Akademik Veri Yönetim Sistemi
RESEARCH COMMUNICATIONS IN MOLECULAR PATHOLOGY AND PHARMACOLOGY, cilt.92, sa.3, ss.341-360, 1996 (SCI-Expanded)
This study investigated the effect of gossypol on hyperplastic canine prostates induced with long-term administration of androgen and estrogen. Twelve 16-week-old male beagle dogs were divided evenly (n=3) into 4 treatment groups. (1) Control: vehicle only; (2) Gossypol-Treated: 20 mg/kg gossypol acetic acid; (3) Steroid-Induced: 4 mg/kg testosterone and 40 mu g/kg estradiol-17 beta; (4) Gossypol-Treated and Steroid-Induced: 4 mg/kg testosterone, 40 mu g/kg estradiol-17 beta and 20 mg/kg gossypol.

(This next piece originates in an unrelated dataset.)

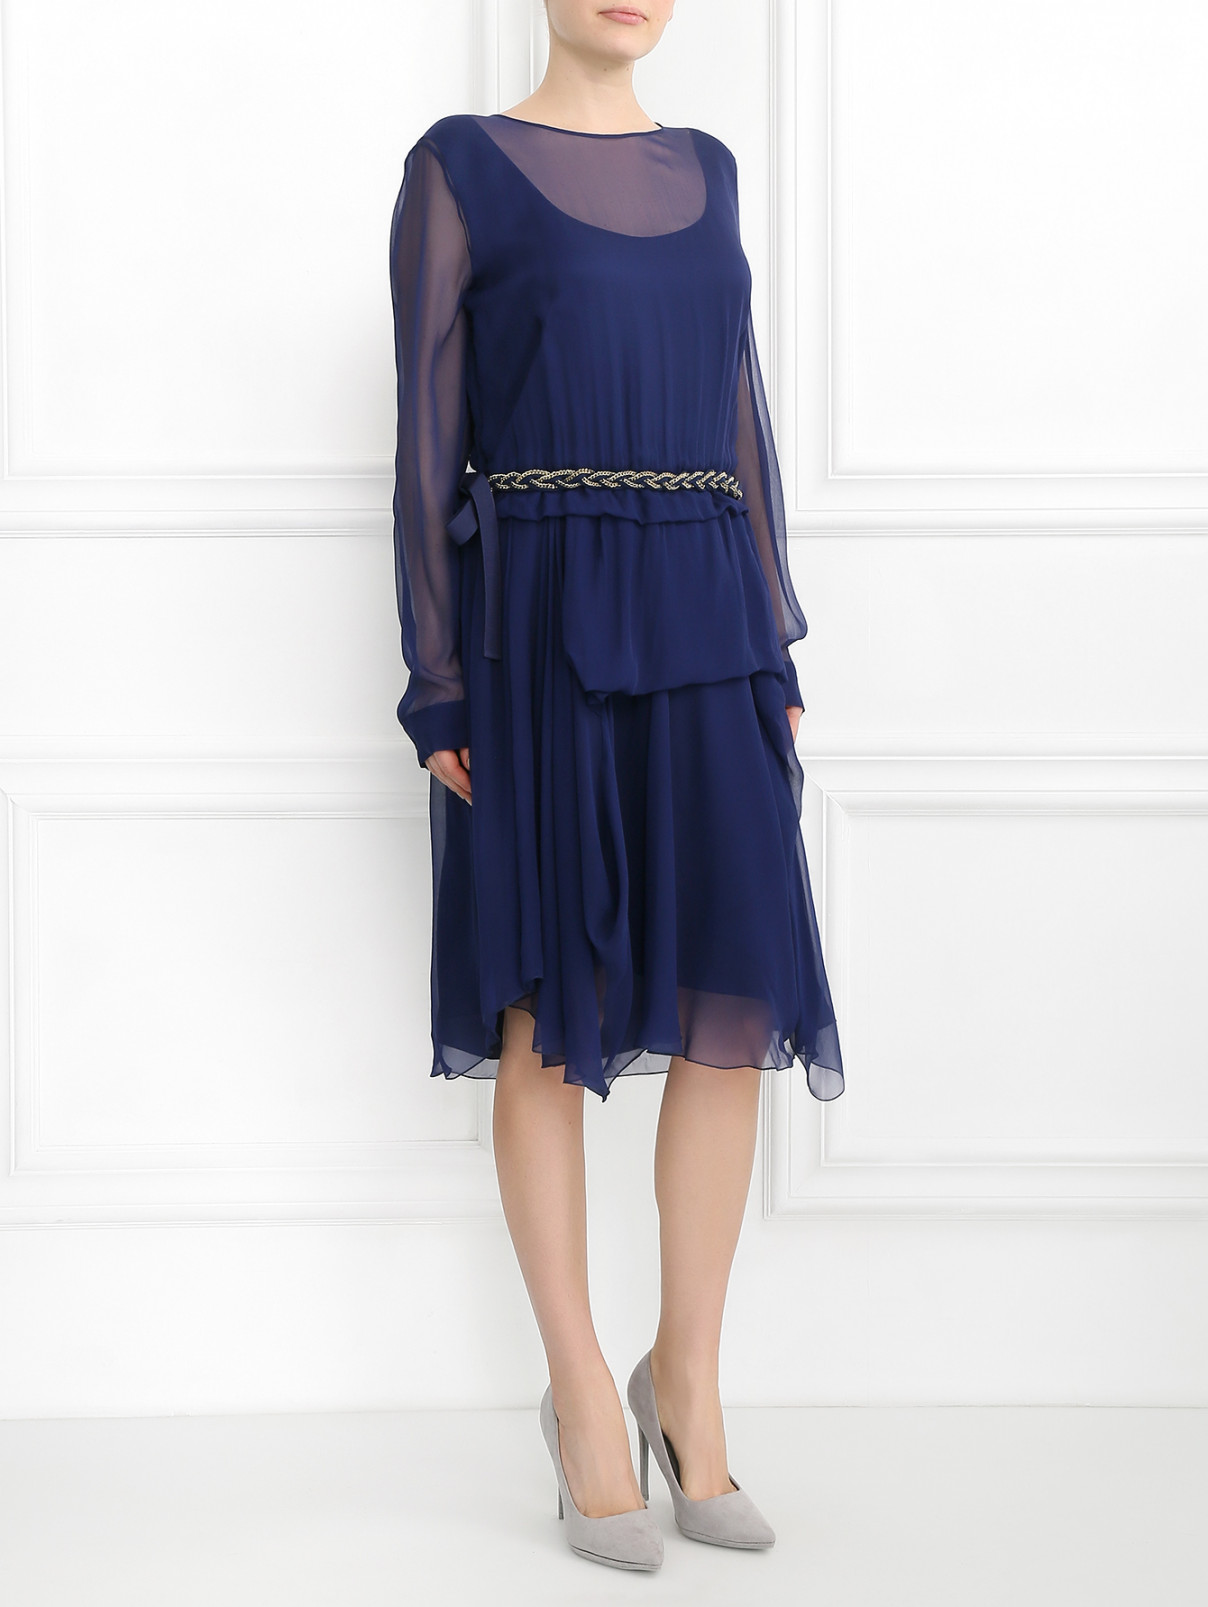 Платье из шелка с декором Alberta Ferretti  –  Модель Общий вид  – Цвет:  Синий

The subjects received treatments every other day for 1 month. The beagles treated with steroids developed an acute enlargement (approximately 10-fold) of the prostate as compared to control. The prostatic acini were underdeveloped and characterized by simple squamous to low cuboidal epithelium in the control subjects while acini in steroid-induced subjects were characterized by simple tall columnar epithelium. The subjects treated with gossypol had prostates histologically similar to controls with the exception of loosened periurethral connective tissue. Serum testosterone and estradiol-17 beta levels imply that gossypol can reduce steroid hormonal levels. Mean serum testosterone levels in gossypol-treated subjects were reduced approximately 50% from controls. Serum biochemistry profiles indicate that steroid and/or gossypol treatments were not toxic at the doses and duration used in this study. These observations imply that gossypol and steroid hormones can interact to alter prostate development and gossypol metabolism and/or clearance.